To solve for the base and height of the triangle, we can use the formula for the area of a triangle:
\[ A = \frac{b \times h}{2} \]
Given:
- The area \( A = 38 \) square centimeters.
- The base \( b \) is four less than three times the height \( h \).

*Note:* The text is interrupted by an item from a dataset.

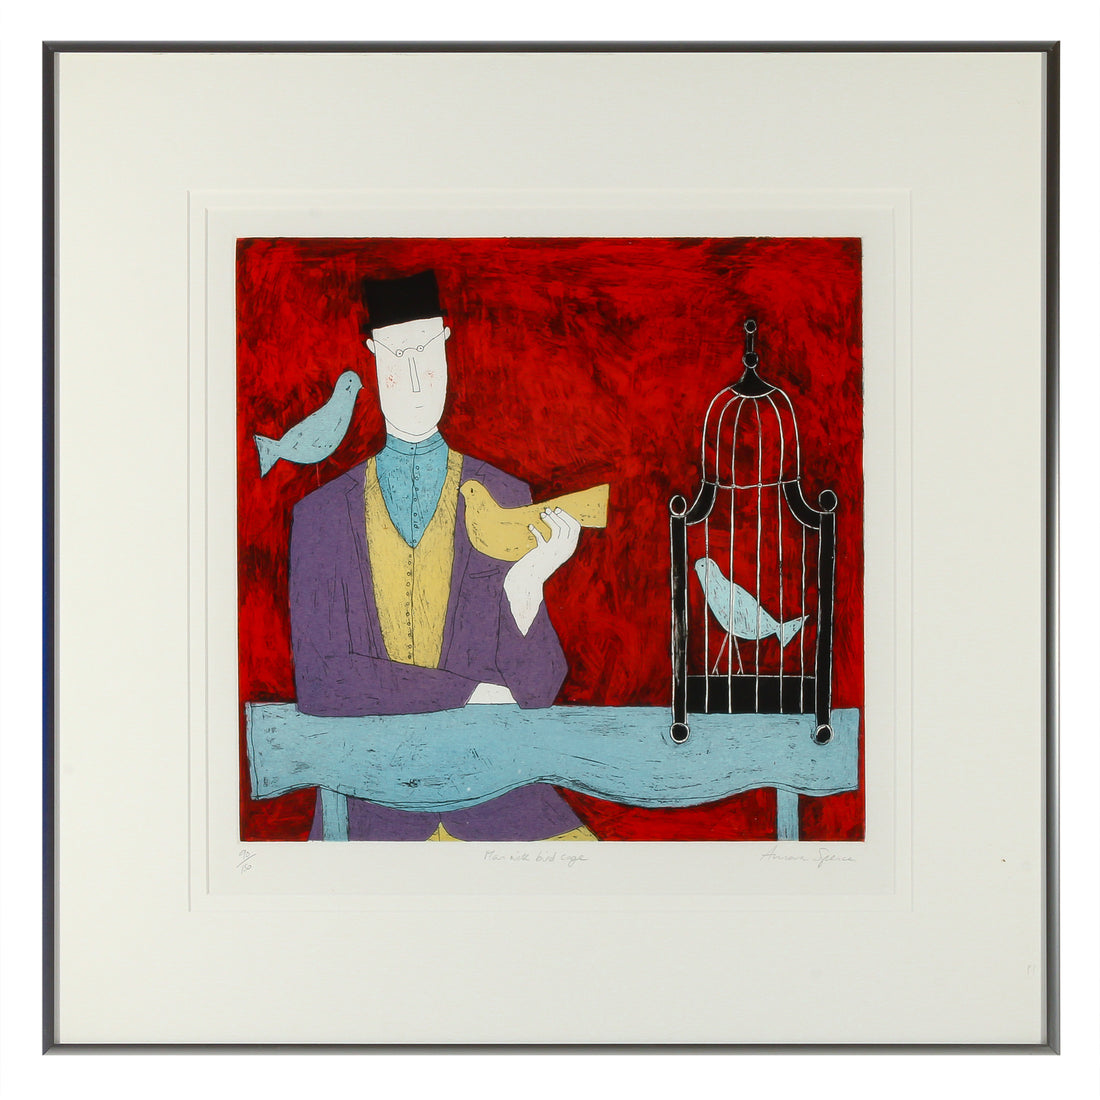 Annora Spence - "Man With Bird Cage" - Silkscreen/Serigraph on Paper

We can express the base \( b \) in terms of the height \( h \):
\[ b = 3h - 4 \]
Now we can substitute this expression for \( b \) into the area formula:
\[ 38 = \frac{(3h - 4) \times h}{2} \]
Next, we'll multiply both sides by 2 to eliminate the fraction:
\[ 76 = (3h - 4) \times h \]
Expanding the right side:
\[ 76 = 3h^2 - 4h \]
Now, rearranging the equation to set it to zero:
\[ 3h^2 - 4h - 76 = 0 \]
Next, we will use the quadratic formula to solve for \( h \). The quadratic formula is:
\[ h = \frac{-b \pm \sqrt{b^2 - 4ac}}{2a} \]
Here, \( a = 3 \), \( b = -4 \), and \( c = -76 \). Plugging in these values:
\[ h = \frac{-(-4) \pm \sqrt{(-4)^2 - 4 \cdot 3 \cdot (-76)}}{2 \cdot 3} \] \[ h = \frac{4 \pm \sqrt{16 + 912}}{6} \] \[ h = \frac{4 \pm \sqrt{928}}{6} \] \[ h = \frac{4 \pm 4\sqrt{58}}{6} \] \[ h = \frac{2 \pm 2\sqrt{58}}{3} \]
Calculating the positive value since height cannot be negative:
\[ h = \frac{2 + 2\sqrt{58}}{3} \]
Now, we can calculate \( b \) using \( b = 3h - 4 \):
\[ b = 3\left(\frac{2 + 2\sqrt{58}}{3}\right) - 4 \] \[ b = (2 + 2\sqrt{58}) - 4 \] \[ b = 2\sqrt{58} - 2 \]
Thus, the height \( h = \frac{2 + 2\sqrt{58}}{3} \) and the base \( b = 2\sqrt{58} - 2 \).
To approximate the numerical values:
\[ \sqrt{58} \approx 7.616 \] Thus:
\[ h \approx \frac{2 + 15.232}{3} \approx \frac{17.232}{3} \approx 5.744 \text{ cm} \] \[ b \approx 2(7.616) - 2 \approx 15.232 - 2 \approx 13.232 \text{ cm} \]
Finally, the height and base of the triangle are approximately:
\[ h \approx 5.74 \text{ cm}, \quad b \approx 13.23 \text{ cm} \]